As the band became bigger, Crowe did as well, writing and producing for multiple hit TV series, penning the script for the blockbuster movie “The Last of the Mohicans” and spending over 25 years working for Universal Studios and Paramount Pictures.

“It was young artists in hell,” Crowe recalled. We were in these grim, industrial towns going into their rust belt phase and it was all pretty depressing. It was really challenging to find kindred spirits and people who weren’t beaten down by the whole thing. There was a natural kind of attraction for people who wanted out, and people who were young and artistic and trying things, so there was a lot in common with Rick and with all the guys (in the band).

“They were brilliant, and brilliance in those oppressive environments is hard to find. And when you find it, it clobbers you over the head. If it doesn’t, you’re dead. Long before anyone even thought of them making it, I remember a friend turning to me when we were in a basement saloon in Milwaukee in the middle of a nowhere neighborhood and saying, ‘If these guys can’t make it then none of us can.’ It was so emblematic of that sense of wanting…I guess that’s actually a universal rock and roll sentiment that was certainly alive with them, and with others, so it was easy to become friends.

Being a big fan of the band and realizing they didn’t have a logo proper, Crowe set about creating one for kicks.

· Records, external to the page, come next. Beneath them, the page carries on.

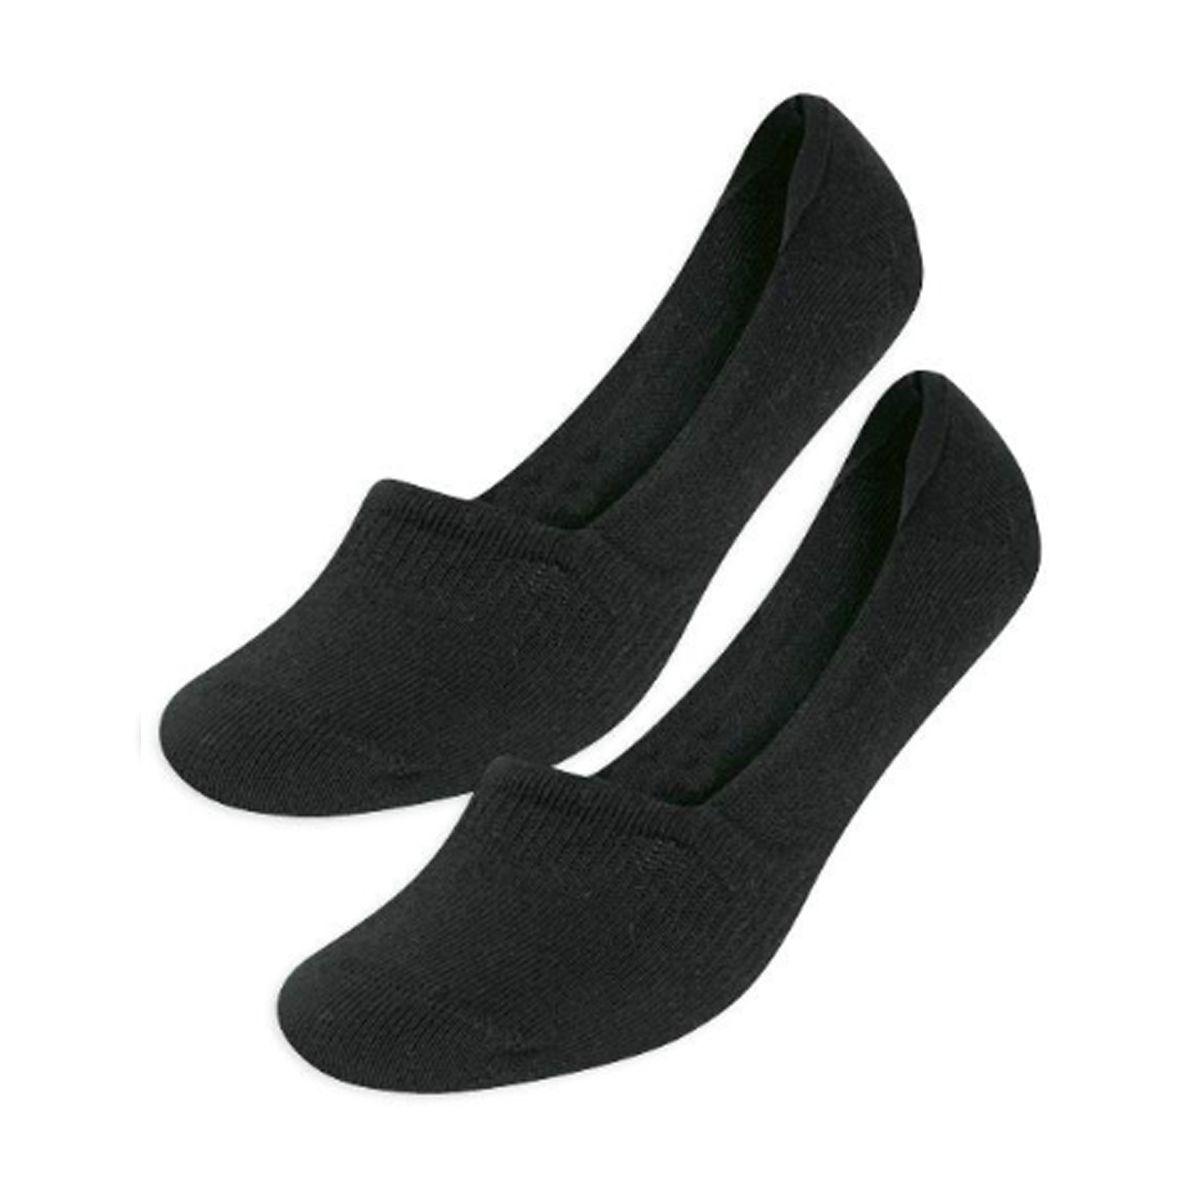 Meia masculina sapatilha invisível Selene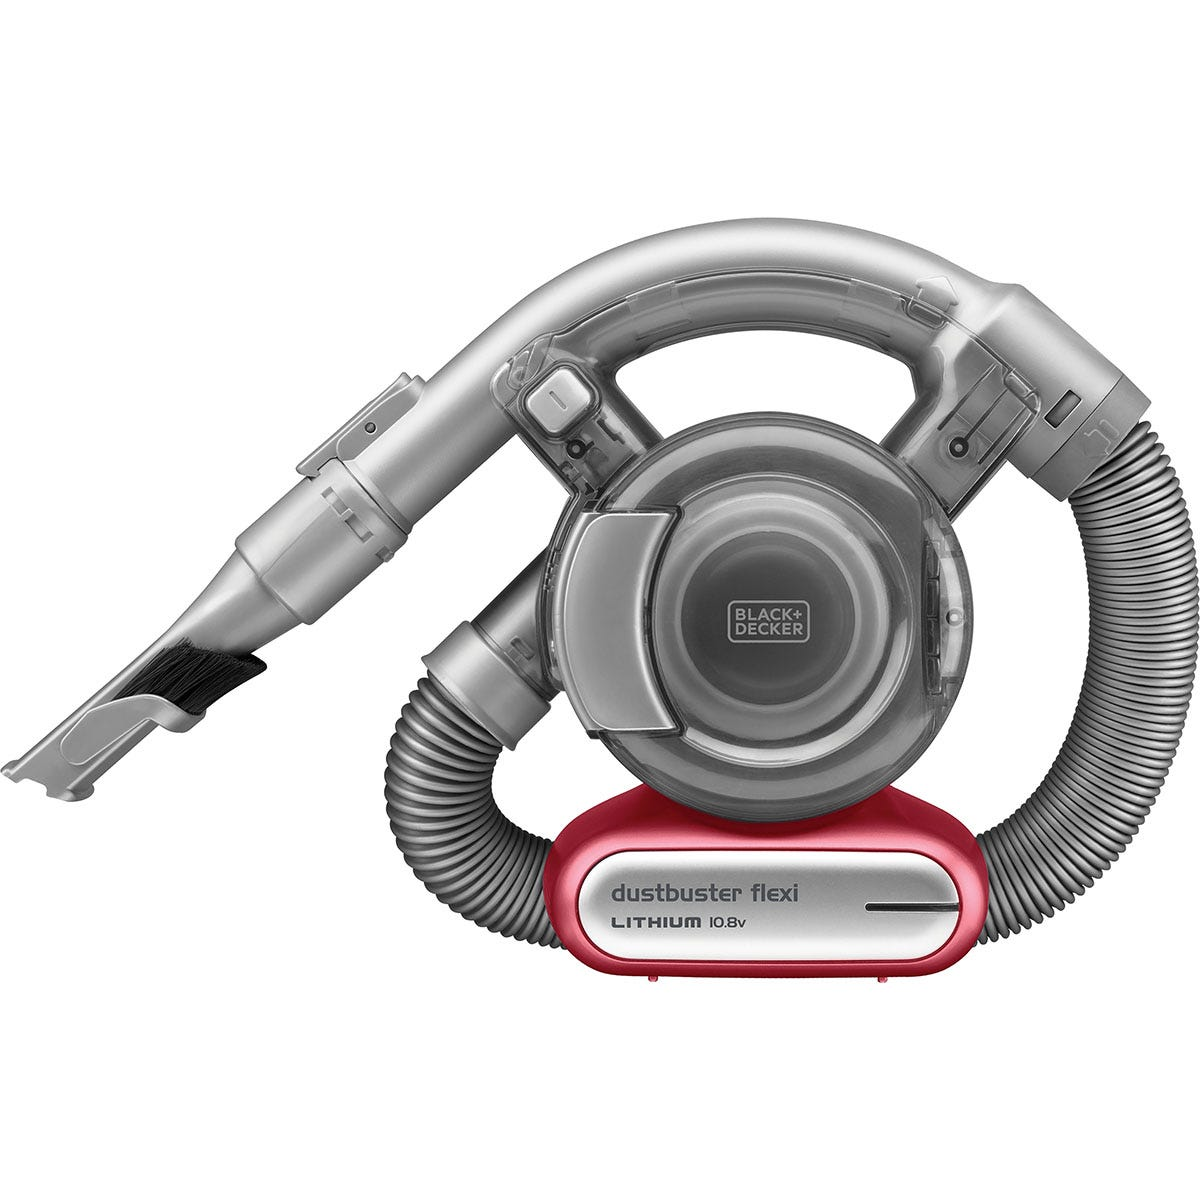 Black & Decker Black + Decker PD1020L-GB Flexi Dustbuster 10.8V Cordless Handheld Vacuum Cleaner - Grey/Red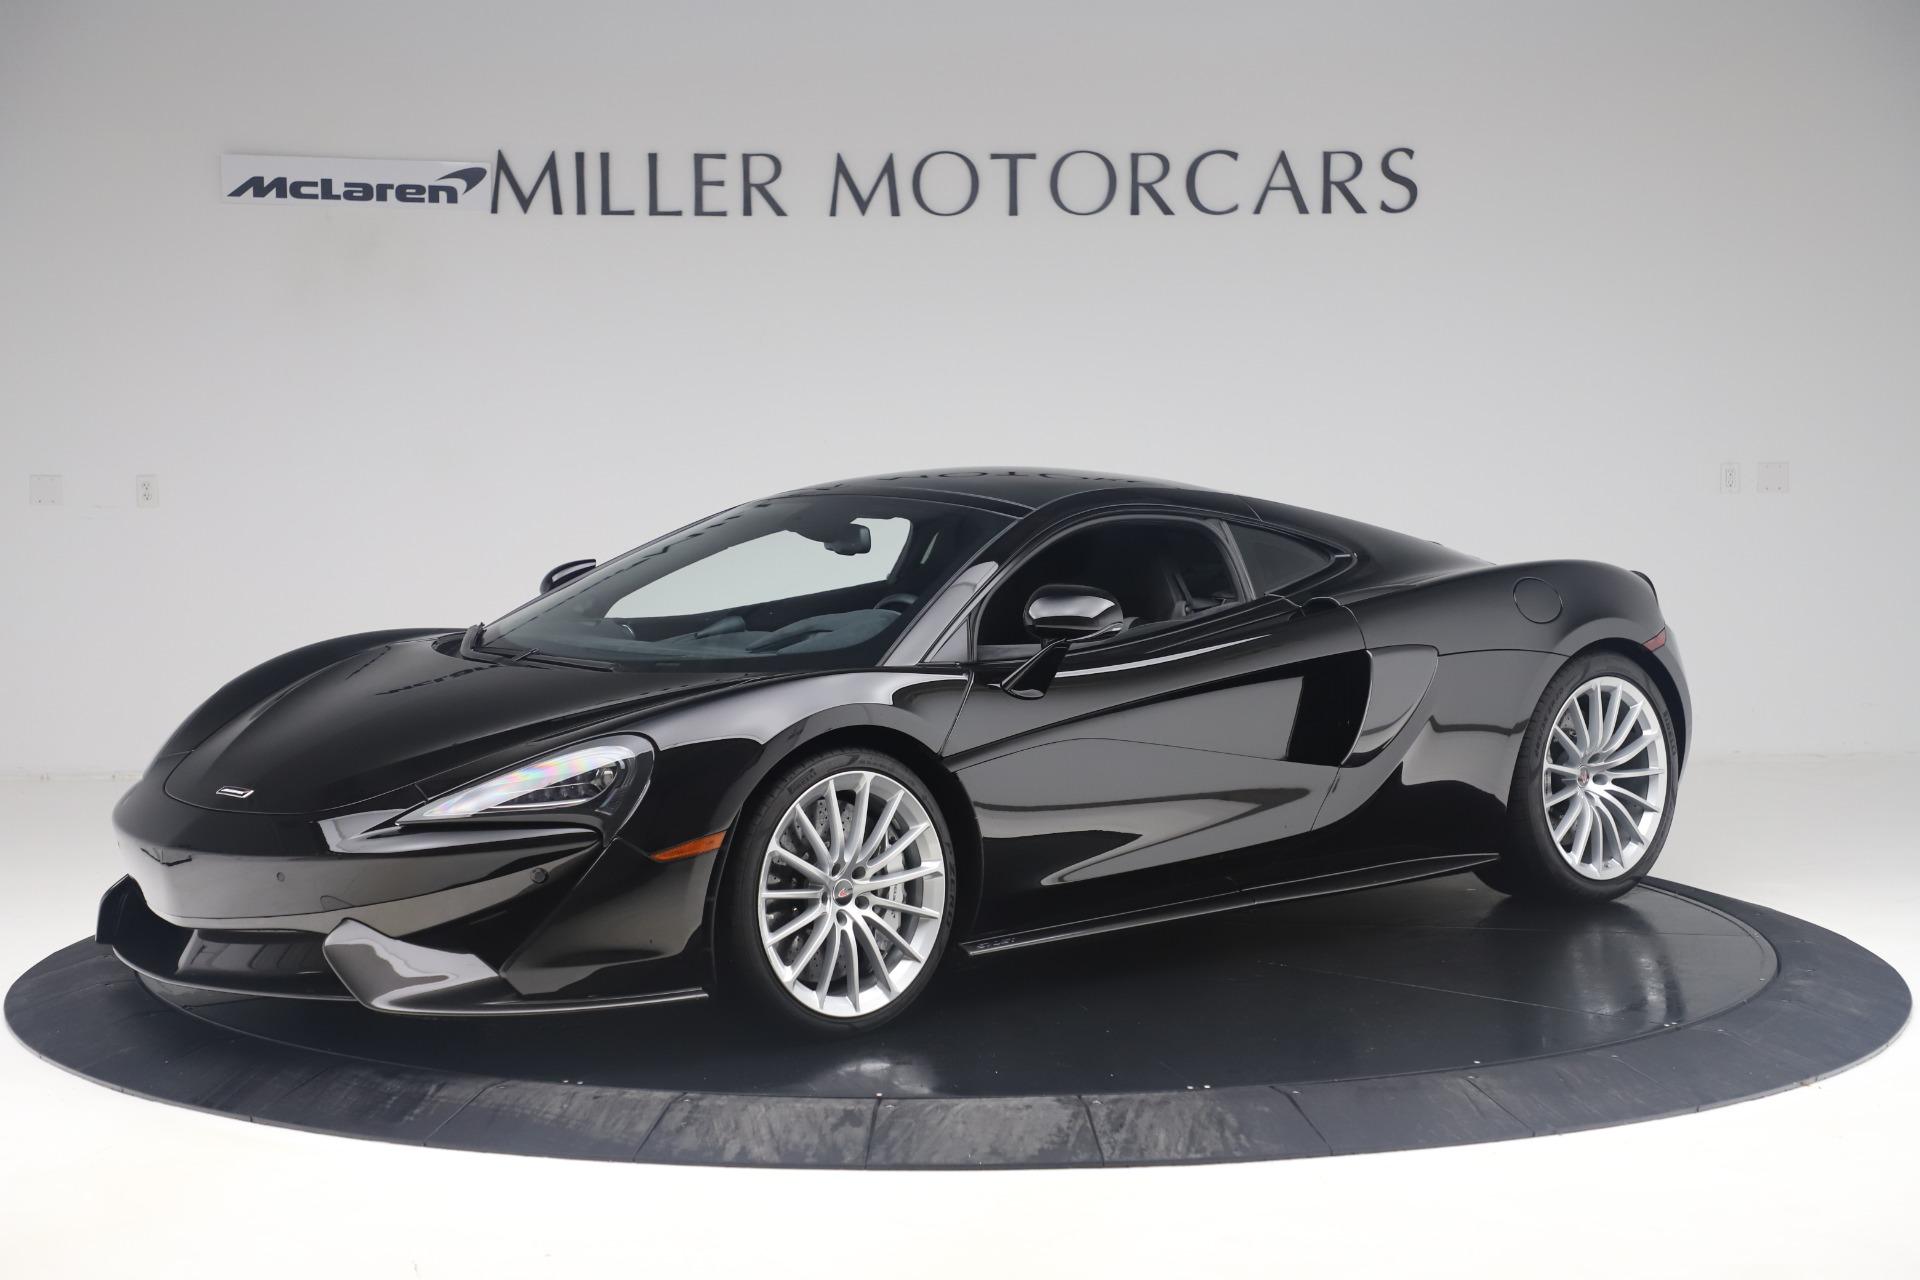 Used 2017 McLaren 570GT Coupe for sale $149,900 at Alfa Romeo of Westport in Westport CT 06880 1

With the graphic arts studio’s tools available at his disposal, he came up with the logo typography from an actual typewriter. Next, he blew it up using a Photostat machine before “further frying it by over-amping a Thermofax copier, allowing things to blur and go generally (crazy).” Eventually, he removed the clutter and debris from the logo so it was legible.

Crowe’s version was the right fit at the right time, and it has often been imitated but rarely properly duplicated.

“For years, people have tried to figure out what the font is (of the logo) and it’s never right,” Petersson said. “My wife is a graphic artist and she was trying to find out what it was and she goes, ‘There is no such font as this.’ There were variations of it when people would make their own version and it would be on a poster and all of a sudden the wrong one would be out there. We had stuff that had an incorrect logo on it — on records and all sorts of things.

“We got a lot of mileage out of it, for sure. It was one of those things that works. It was a stroke of luck. But it was good fortune that (Crowe) was there and he liked our band. It’s one of those things I wish I could take some credit for but I can’t. It was all his thing.”

For Nielsen the memories of the beginning of the logo were similar. He recollects Crowe presenting it to the band and Petersson taking a quicker shine to it than the others.

“(Crowe) came down one day and said, ‘I think this would be cool for you guys’,” Nielsen told writer Martin Popoff. “Our logo is the whole six (lines), not just one or the two. The name is Cheap Trick, but the logo is all six, and each one is kind of getting cruddier looking as it goes down. Tom immediately thought it was terrific, and the rest of us were like, well, it’s different, and it looks good on a shirt. And if it looks good on a shirt, that’s good.”

While neither the band or the Hollywood guy are hurting for money, Crowe gets a chuckle out of the fact he has never made a cent on something so well known the world over. Earlier in his career when working for Warner Bros., he’d be in the streets of Tokyo and see his logo everywhere.

“I’ve thought to myself, ‘If I had a nickel for every one of those things it’d pay for my dotage now,” Crowe said. “That would have been an actual sin against nature, though, because this was us against the world. It was not done for money, it was done with great affection and respect and I’d like to think that respect was mutual.

“Their longevity is so impressive that whenever I feel like I should be getting tired, I look to them and go, ‘Aww, if they can do it, I can load the typewriter’.”